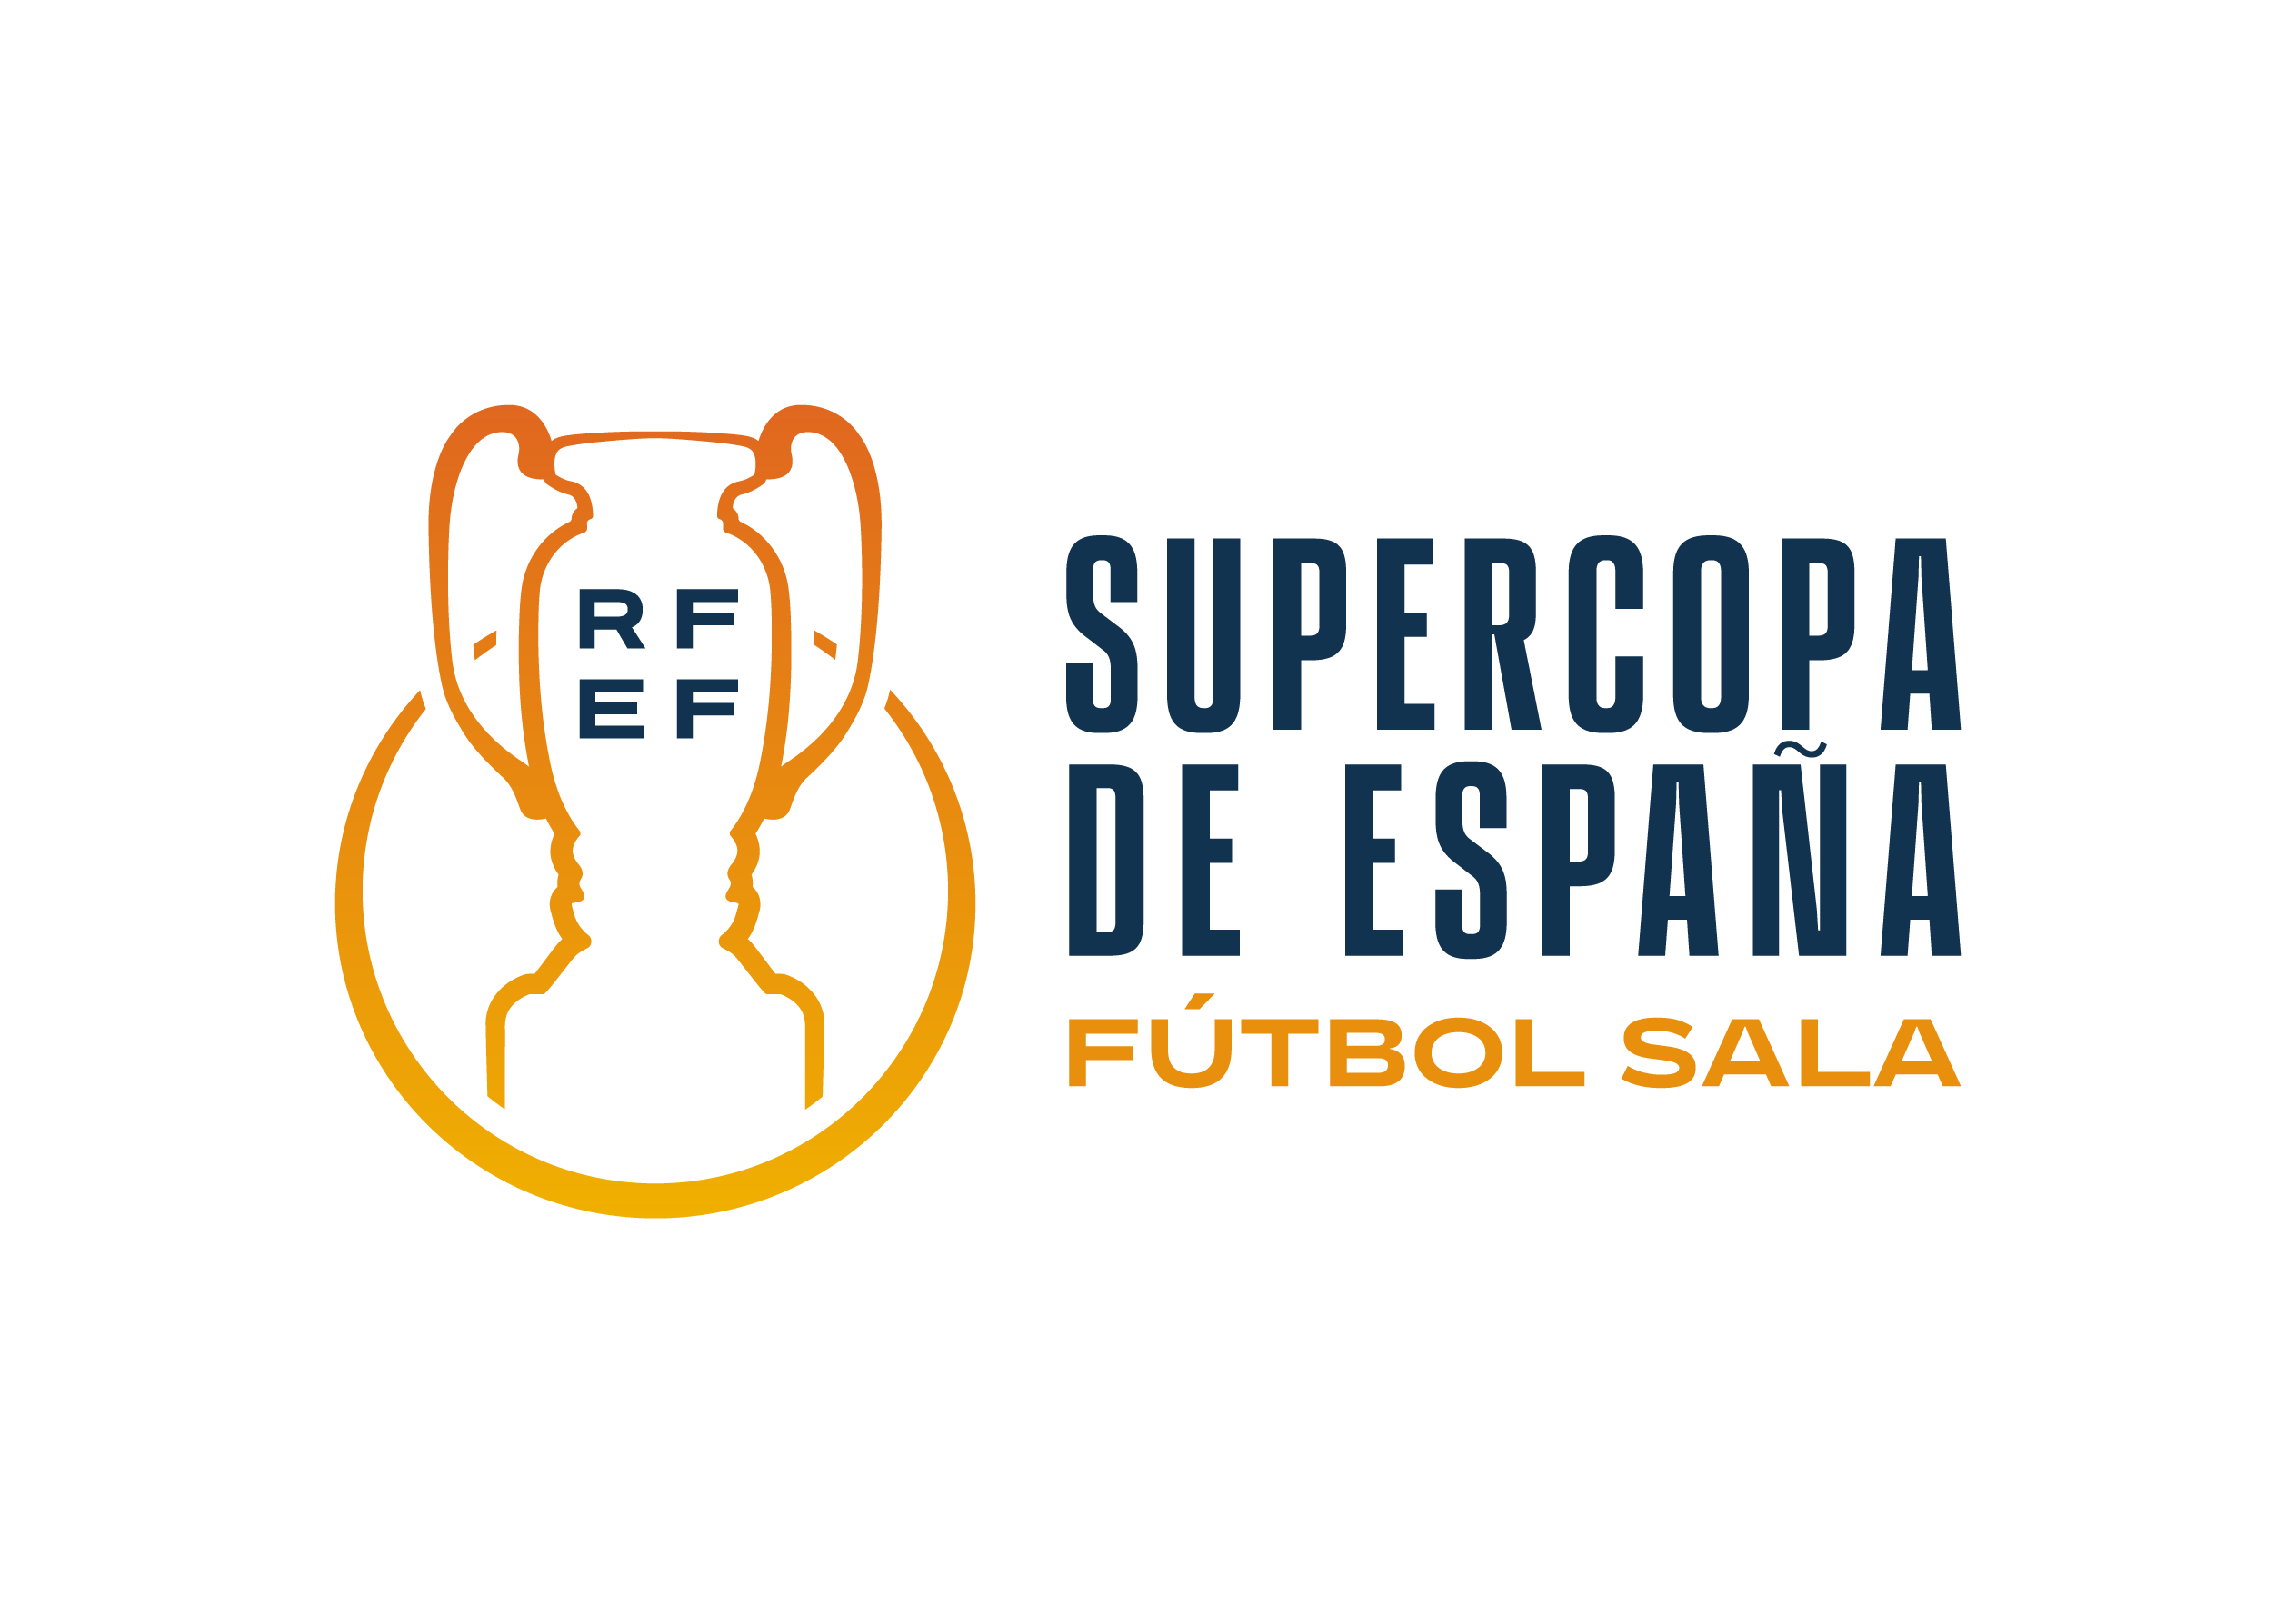 Supercopa de España Futs.
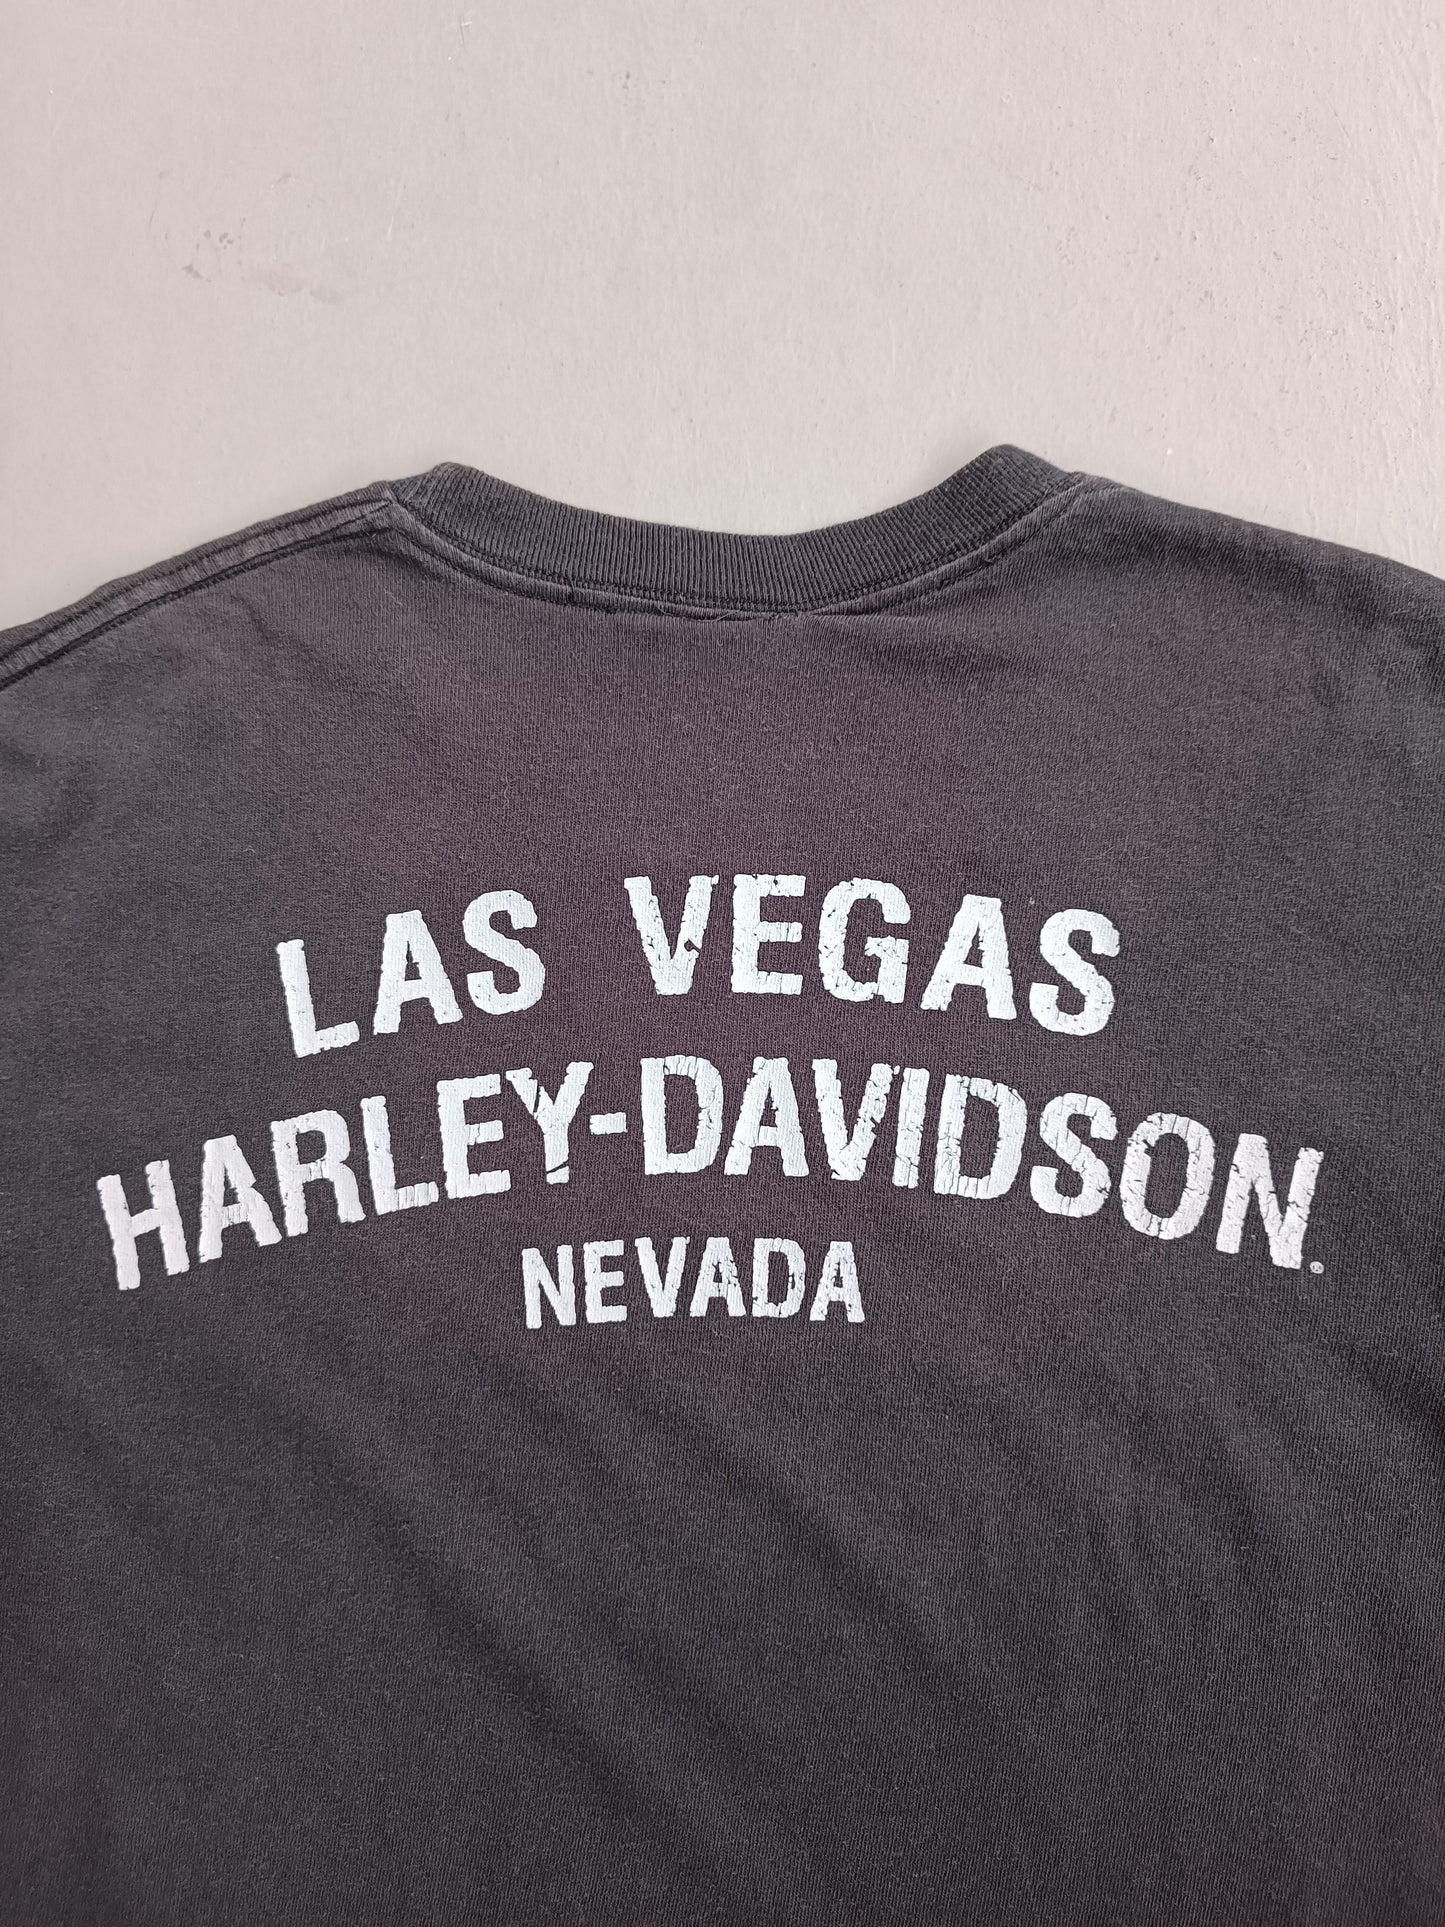 Harley Davidson Las Vegas - M
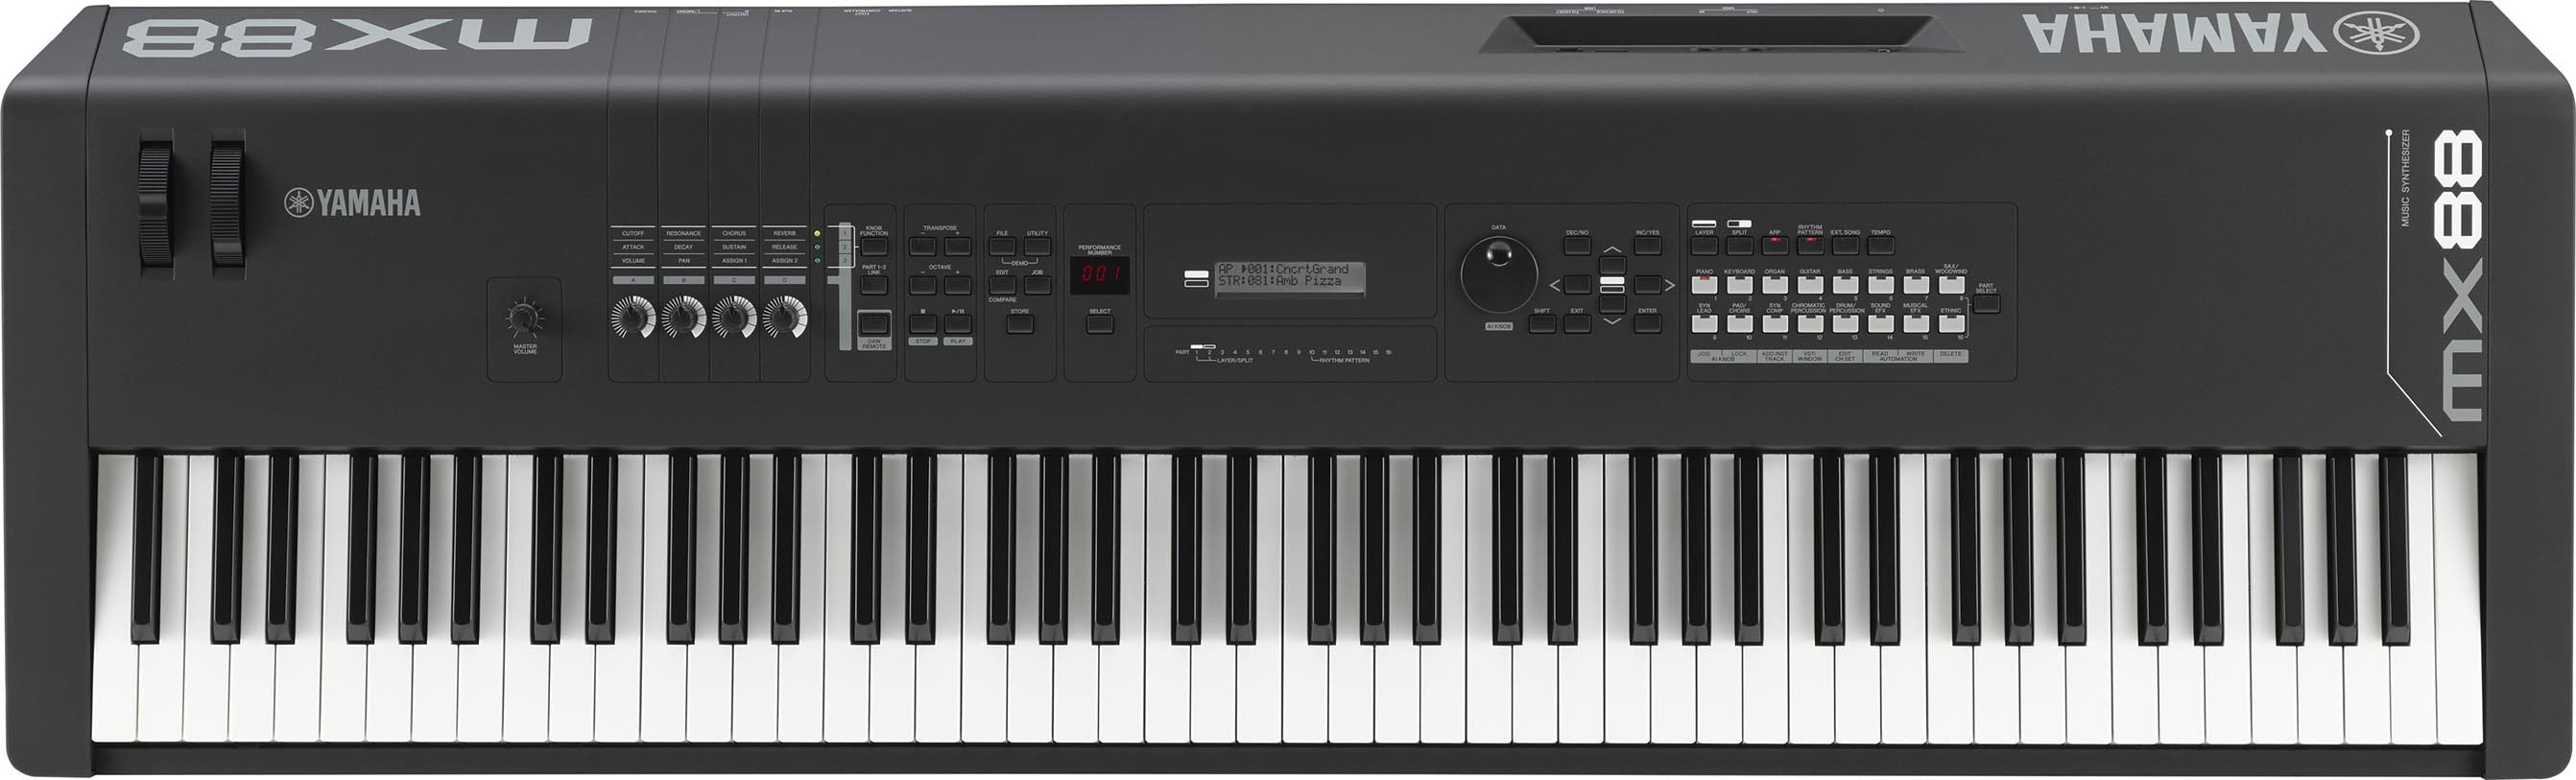 Yamaha Mx88 - Synthesizer - Main picture

#### [Problem]
When you retype the listing, keep every line exactly as it is and drop the pictures.

#### [Written reply]
 Supercopa de España Futs.
 Harley Davidson Las Vegas - M
 Yamaha Mx88 - Synthesizer - Main picture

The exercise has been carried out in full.